Hypertension has been the most common condition in developed countries, and its costs and social burden are increasing rapidly [38, 39]. The etiology of hypertension is complicated. It is important to know the genetic bases and gene-environmental interactions for prevention and treatment of hypertension. As far as we know, this is the first report on the relationship between KIF6 and hypertension. There are several limitations to this study. First, more SNPs or other genetic marks should be analyzed to ensure the relationship between KIF6 and hypertension. Second, a larger number of samples are needed to investigate the relationship. Finally, future studies should also include other races due to genetic heterogeneity among different human species. In all, additional investigations are warranted to elucidate the pathophysiological functions of KIF6 in hypertension.

5. Conclusion

The present study has identified a close relationship between KIF6 SNPs (rs6930913 and rs20456) and hypertension, modified by smoking status. Considering the genotype and haplotype analyses, the allele C in rs20456 and allele T of rs690913 were inclined to protect individuals from hypertension.

Data Availability

The data used to support the findings of this study are available from the corresponding author upon request.

Ethical Approval

All procedures performed in studies involving human participants were in accordance with the World Medical Association Declaration of Helsinki and its later amendments or comparable ethical standards.
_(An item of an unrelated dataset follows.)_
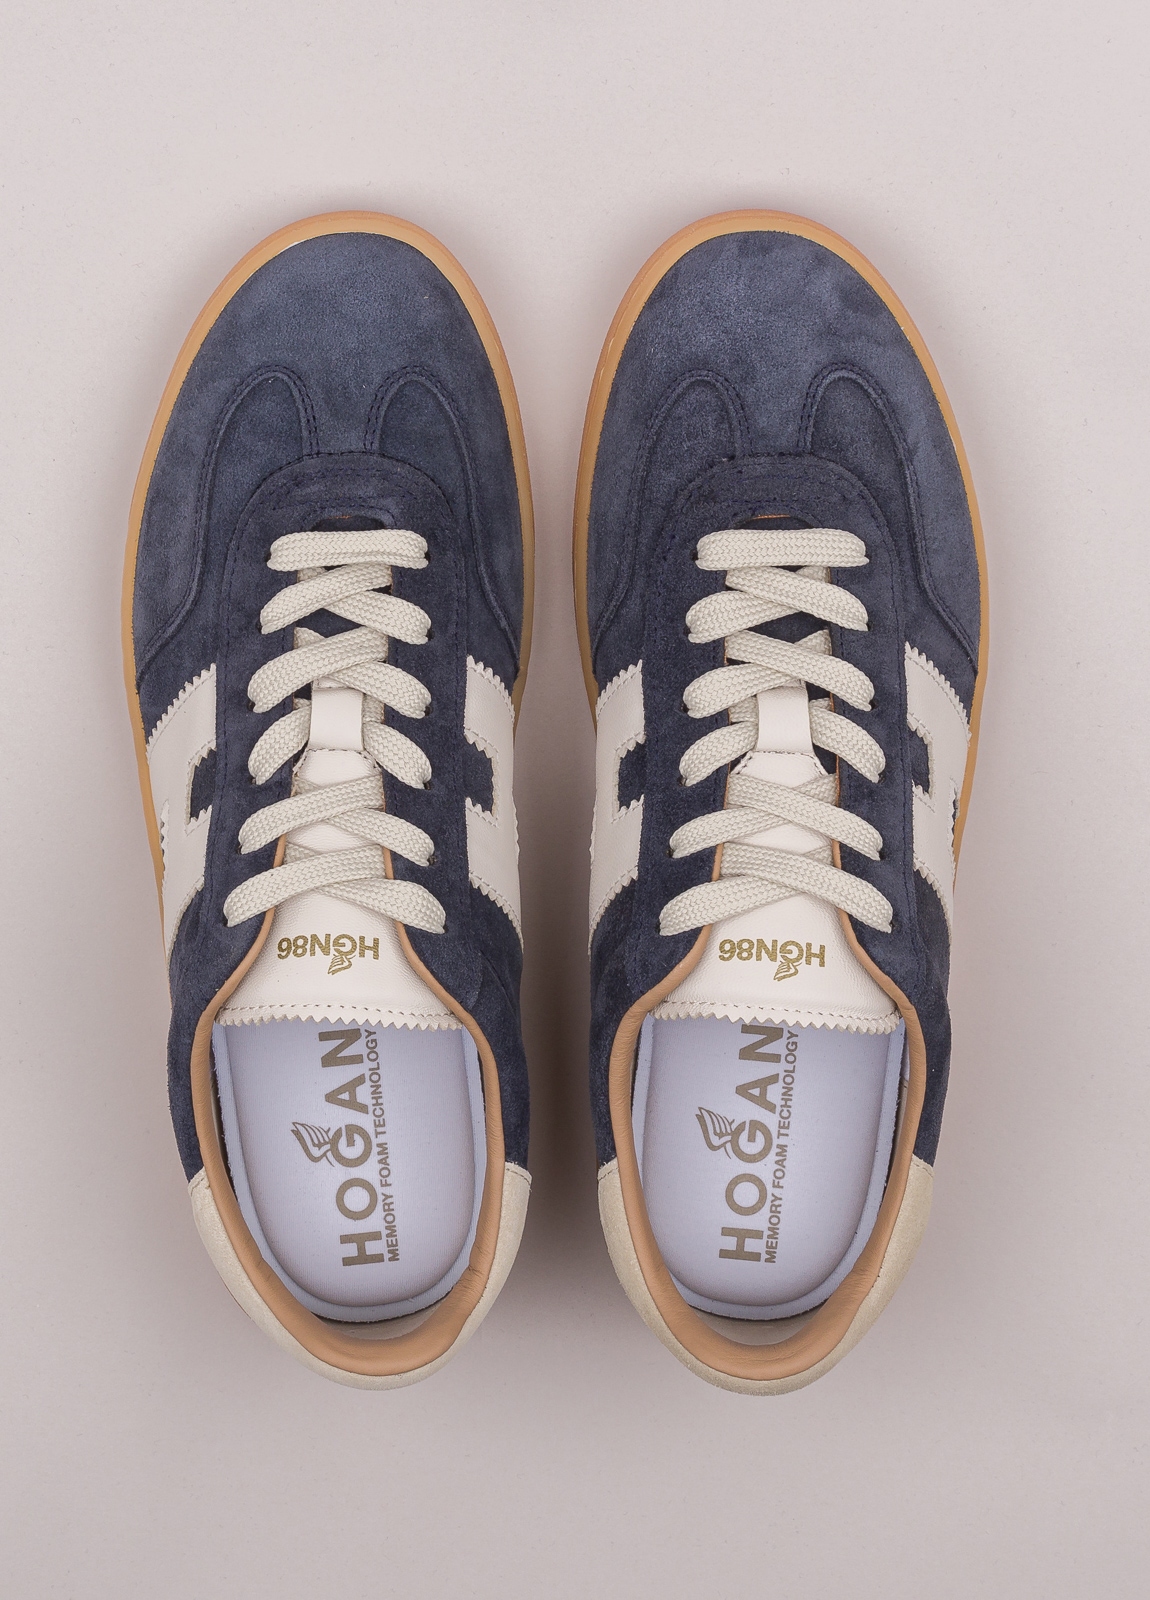 Zapatillas deportivas HOGAN color azul, blanco y beige - Ítem1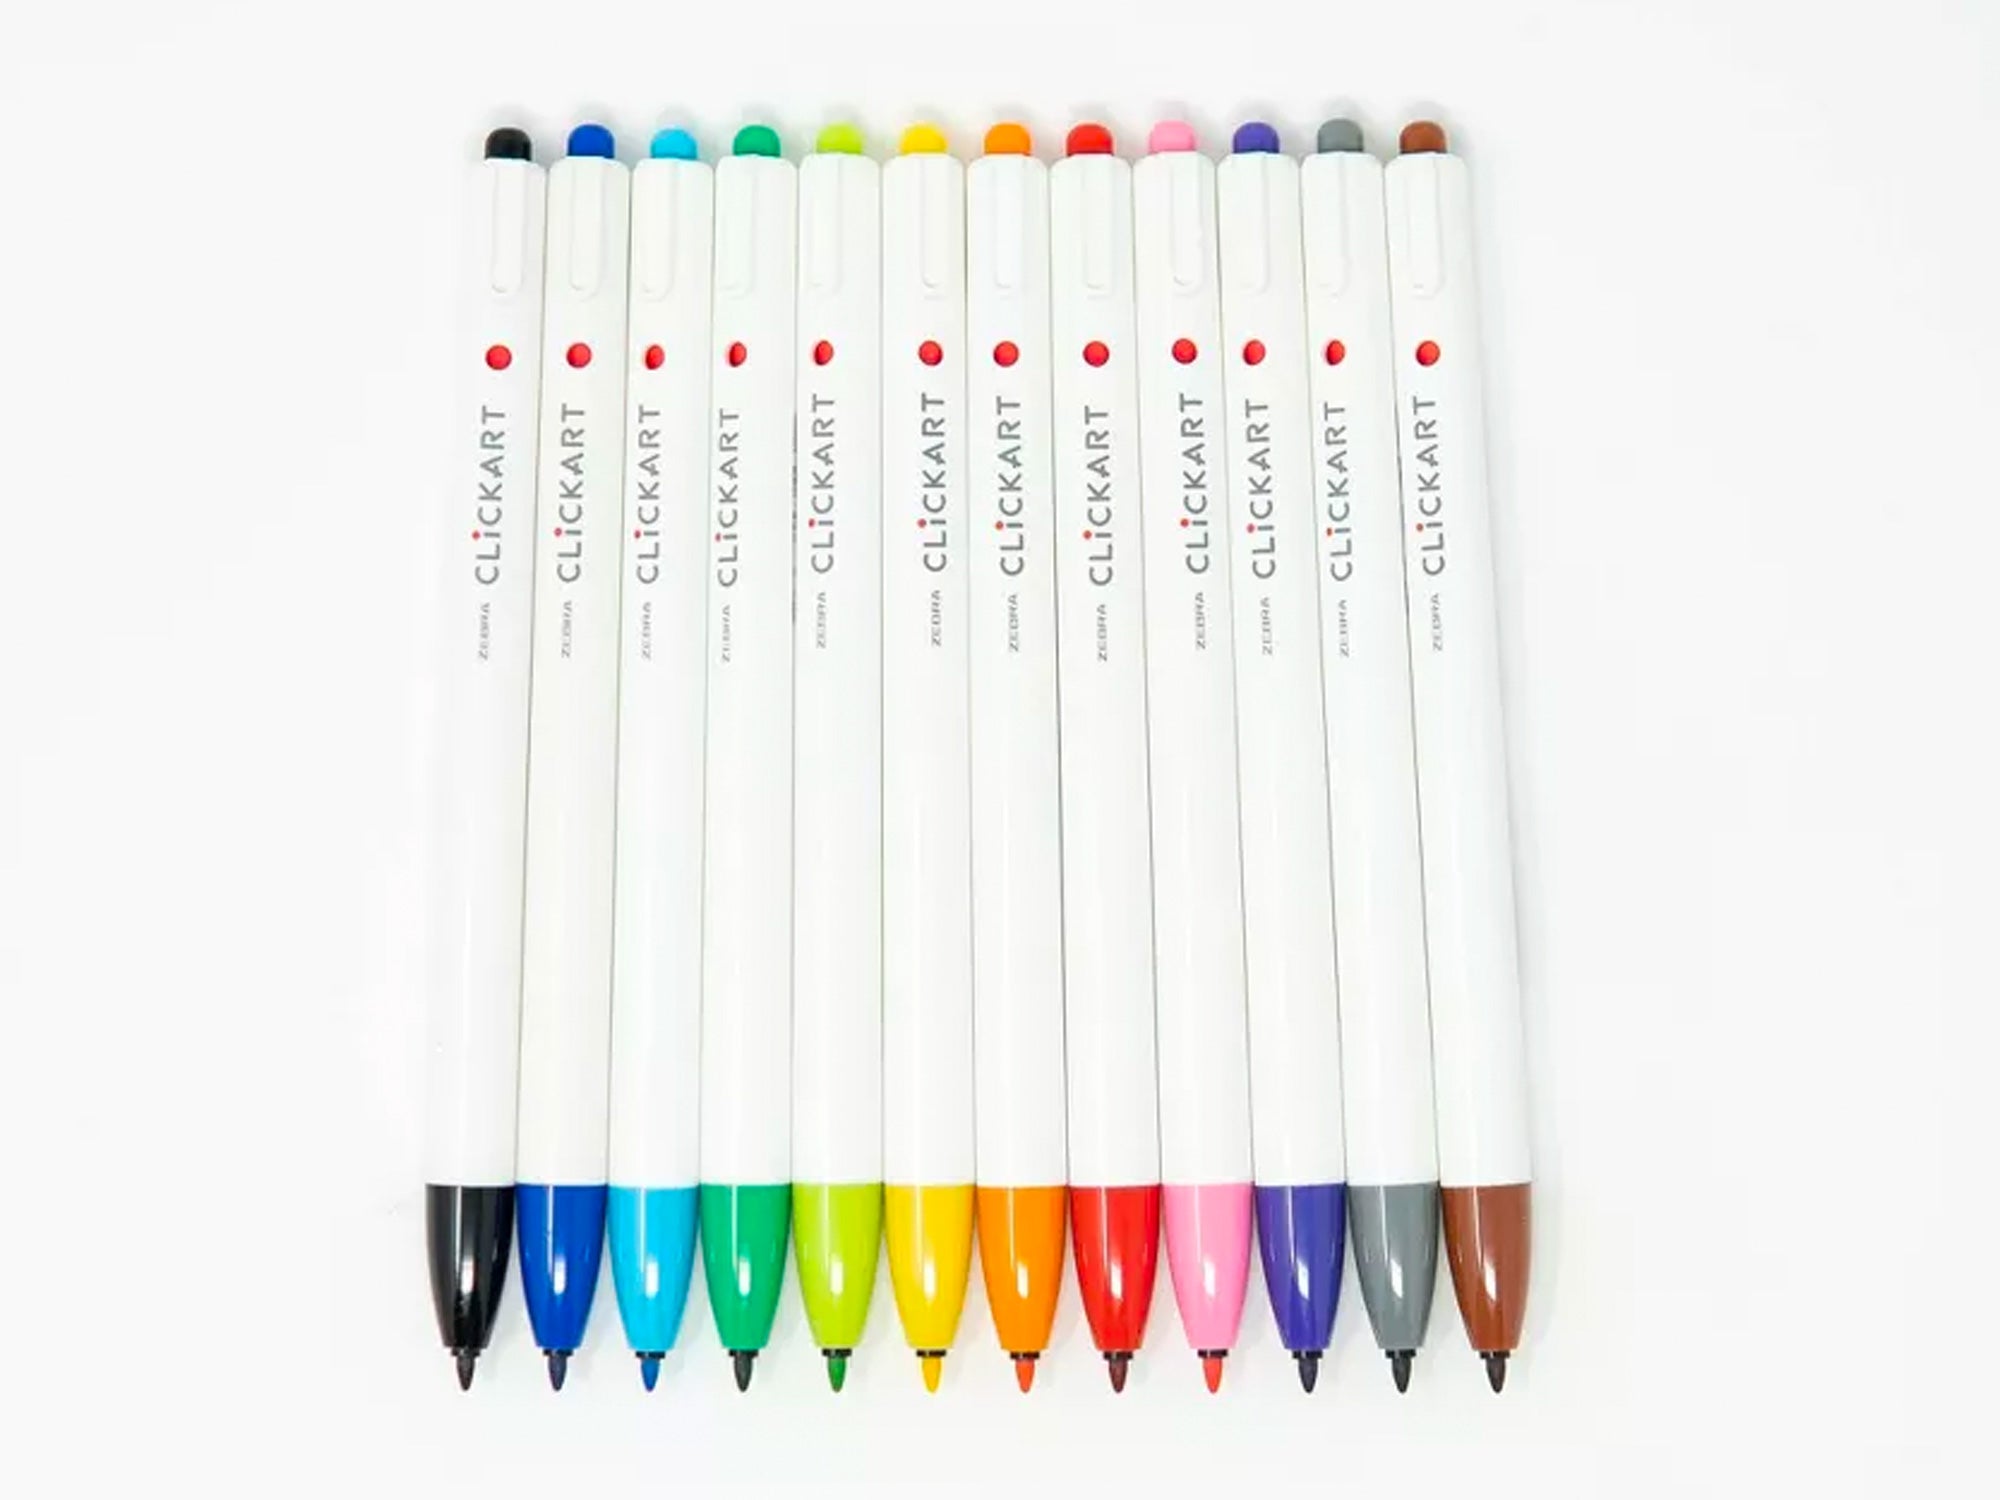 Zebra ClickArt Retractable Marker Pens Set of 12 - Light

Informed consent was obtained from all individual participants included in the study.

Conflicts of Interest

The authors declare that they have no conflicts of interest.


The authors would like to thank all participants’ cooperation in sample collection and questionnaire completion. This study was funded by the grant from the Key Technology Research and Development Program of Liaoning Province (2008225003) and National Key R&D Program of China (2017YFC1307600).